In the aggressive incidents, when he seemed to mentally snap, I had to physically restrain him and yell 'No!' in his face then he got crated for a period of time, but he was already snapped 'out' of the mood a second after being restrained by me. I never hit him but me restraining him wasn't gentle by any means. Aside from the mental snaps, he didn't need much correction and the obedience training was done at a pace where I felt that he understood what was being asked and we reinforced the training in increasingly distracting environments; to be honest he excelled at that more than any other dog I've worked with. I was concerned with creating a fear-aggressive dog, so I stayed away from positive punishment as much as I could, aside from verbal corrections. Maybe that was the wrong thing to do though.


----------



## MineAreWorkingline (May 2, 2015)

Creating a fear aggressive dog?


----------



## tim_s_adams (Aug 9, 2017)

Benevolence said:


> ... Aside from the mental snaps, he didn't need much correction and the obedience training was done at a pace where I felt that he understood what was being asked and we reinforced the training in increasingly distracting environments; to be honest he excelled at that more than any other dog I've worked with. I was concerned with creating a fear-aggressive dog, *so I stayed away from positive punishment as much as I could*, aside from verbal corrections. Maybe that was the wrong thing to do though.

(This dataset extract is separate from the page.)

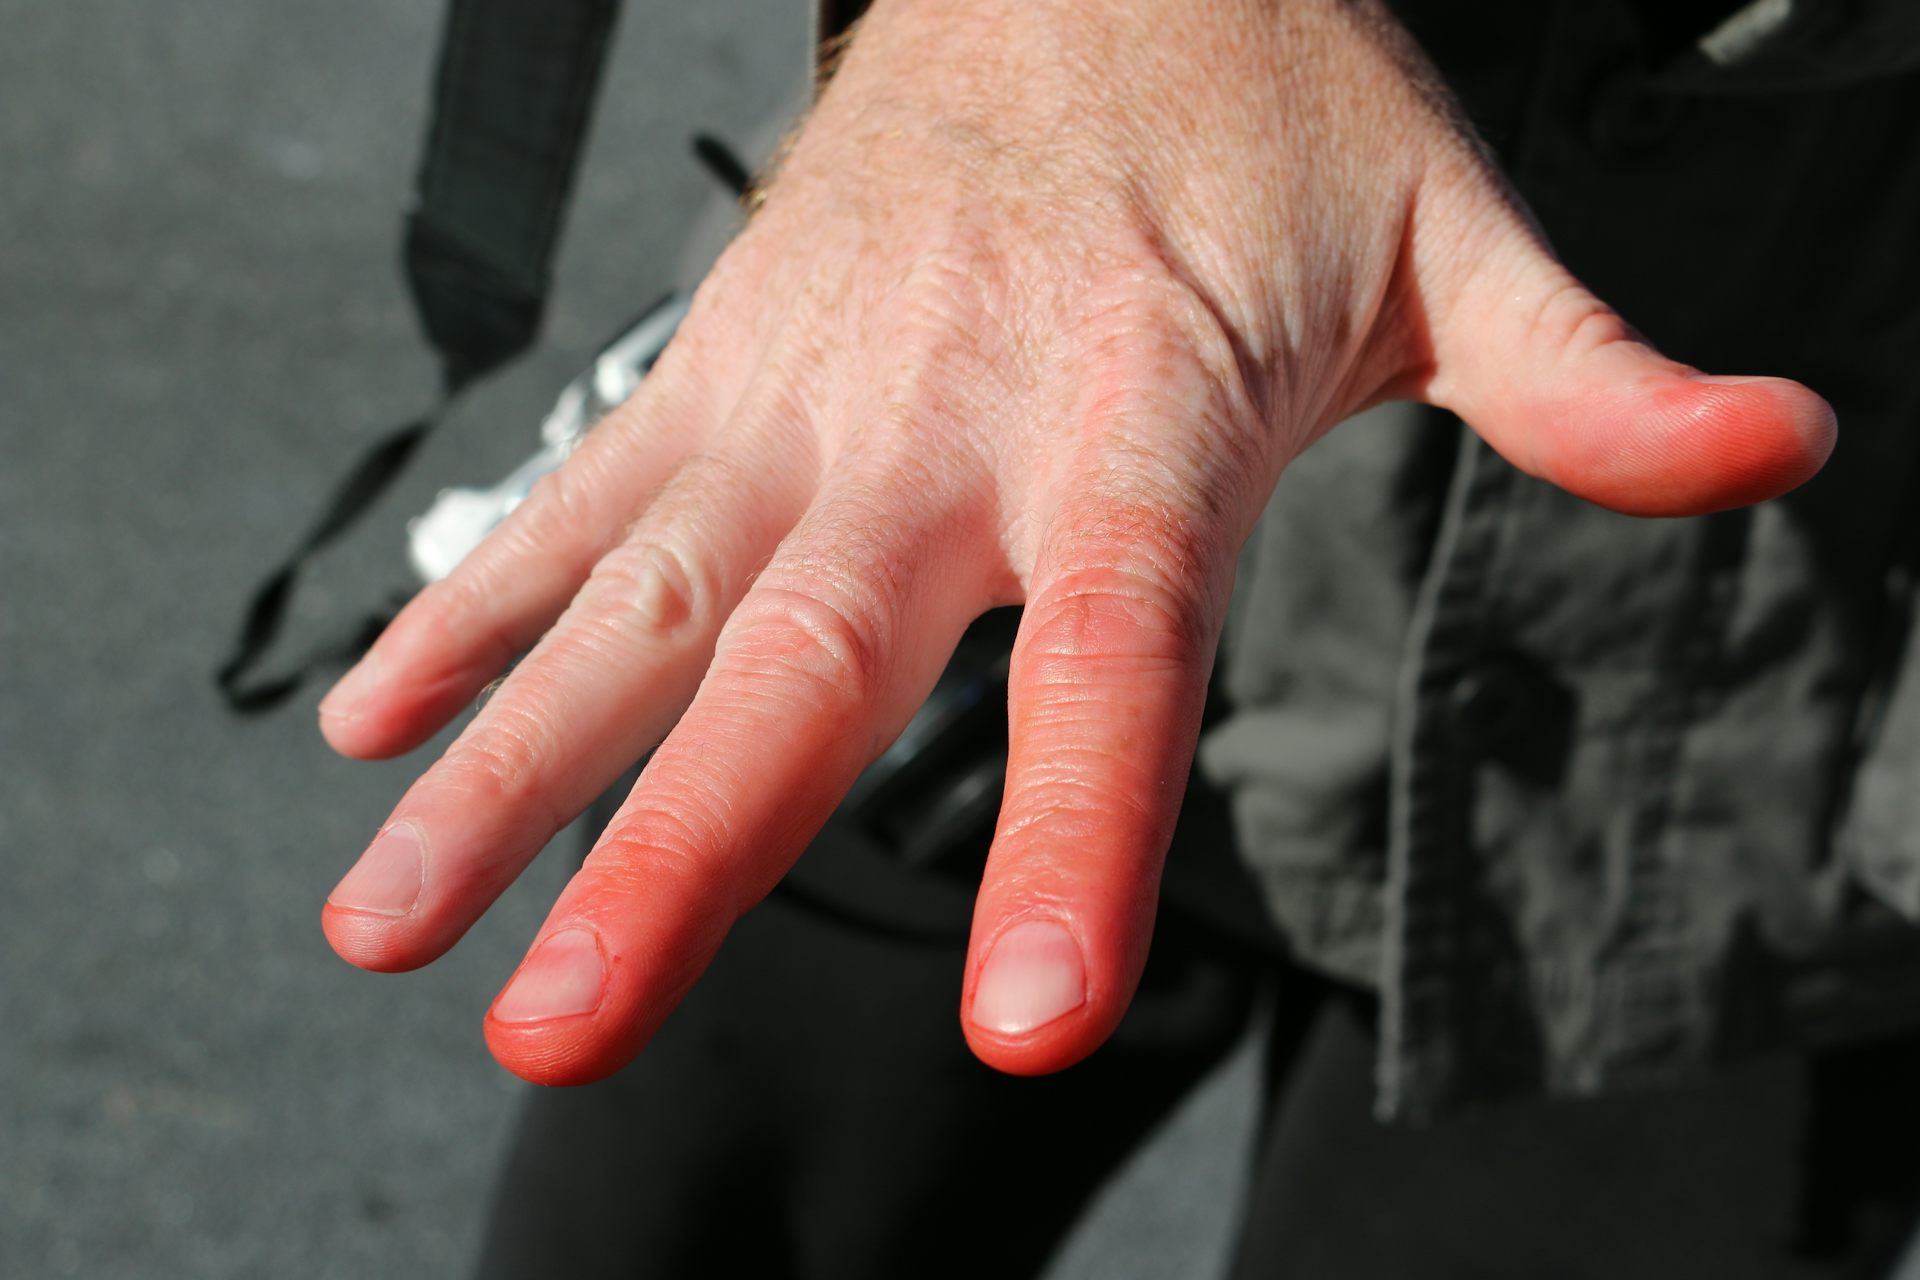  Les doigts sont devenus rouges par des engelures.

In general, lots of people tend to misunderstand "positive punishment". Verbal corrections are a form of positive punishment! And it's always best to use the least onerous form of positive punishment that is effective!

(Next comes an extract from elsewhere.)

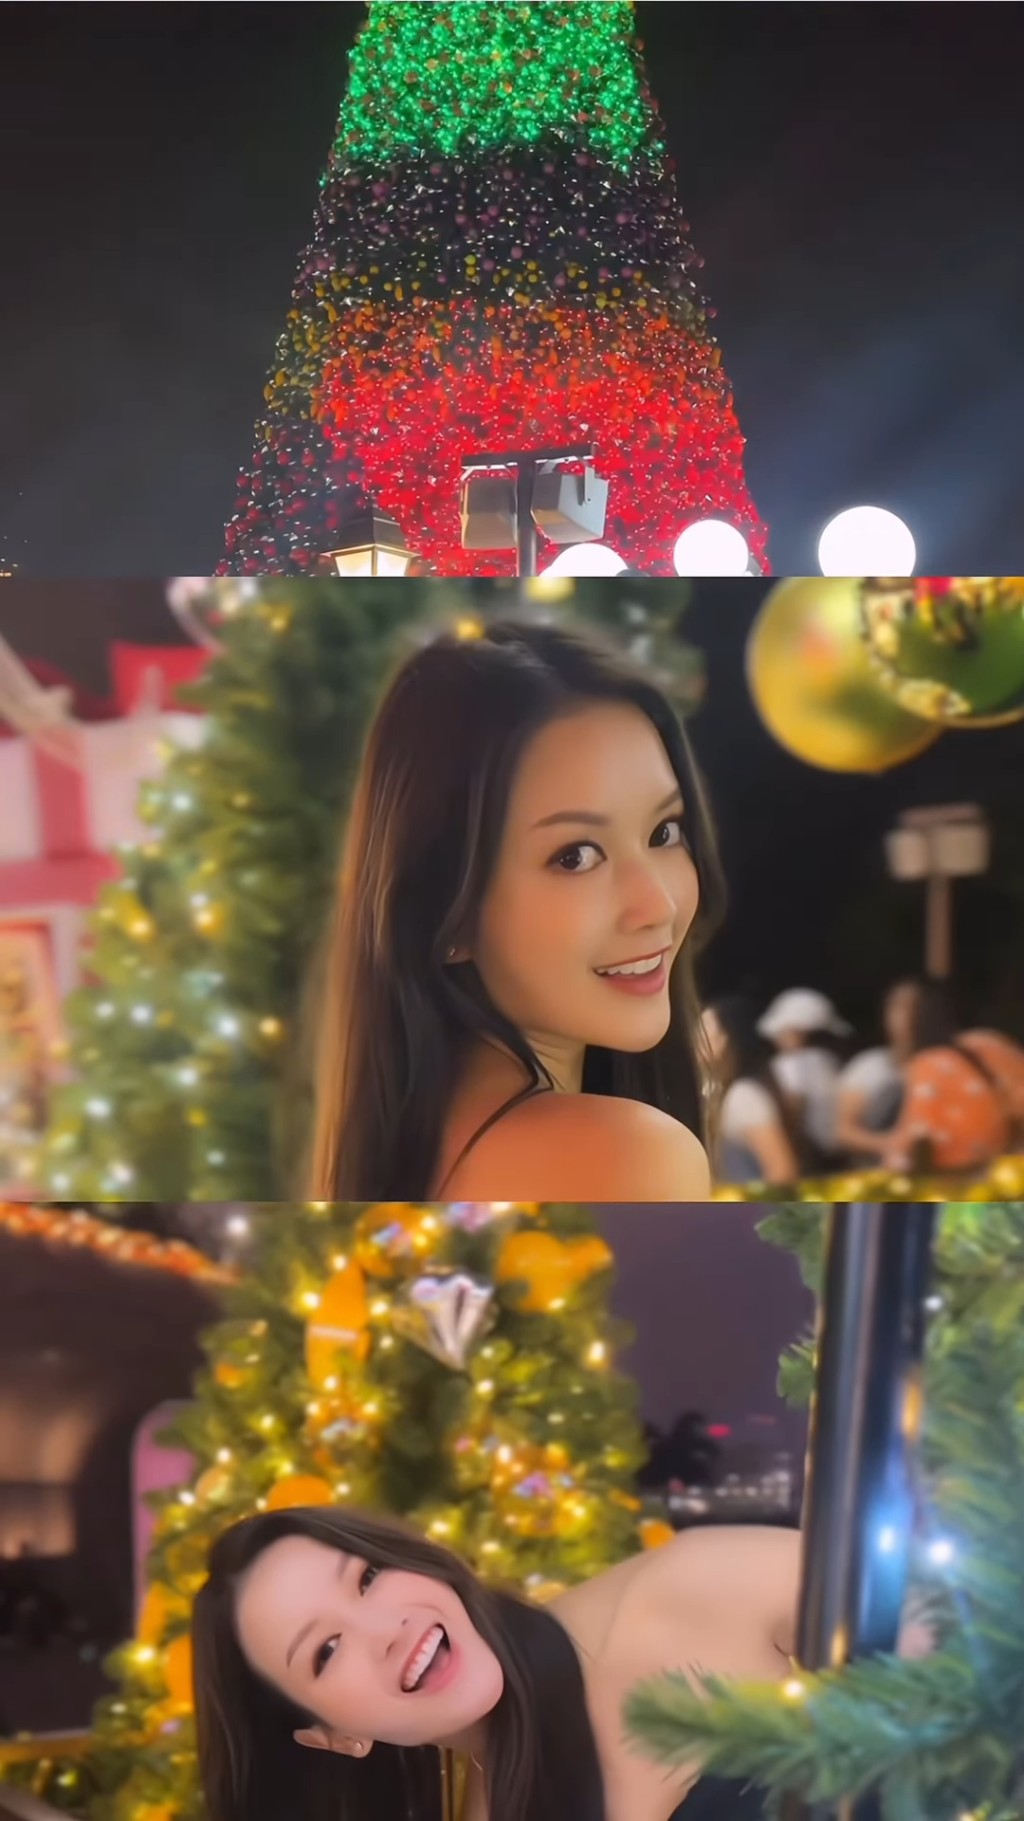 另一TVB小花鍾晴都有分享聖誕相。

My dog is the same way. A verbal correction works most of the time. A leash pop can sort of reinforce the meaning when she's more in drive, but 90% of the time, a verbal correction is all that is required!

There have, for me and my dog, only been a handful of times when anything more was needed. 

That being said, in or out of drive, a command IS NOT A REQUEST! LOL! I demand compliance, and will escalate the correction as needed until I get it!

Touchy subject though, in this PC world. But you own a BIG STRONG DOG, and you owe it to the dog and everyone else out there to have it under control! 

That's why folks here and elsewhere emphasize training! The more you practice, the less you - and everyone else - has to worry!


----------



## Steve Strom (Oct 26, 2013)

Benevolence said:


> In the aggressive incidents, when he seemed to mentally snap, I had to physically restrain him and yell 'No!' in his face then he got crated for a period of time, but he was already snapped 'out' of the mood a second after being restrained by me. I never hit him but me restraining him wasn't gentle by any means. Aside from the mental snaps, he didn't need much correction and the obedience training was done at a pace where I felt that he understood what was being asked and we reinforced the training in increasingly distracting environments; to be honest he excelled at that more than any other dog I've worked with. I was concerned with creating a fear-aggressive dog, so I stayed away from positive punishment as much as I could, aside from verbal corrections. Maybe that was the wrong thing to do though.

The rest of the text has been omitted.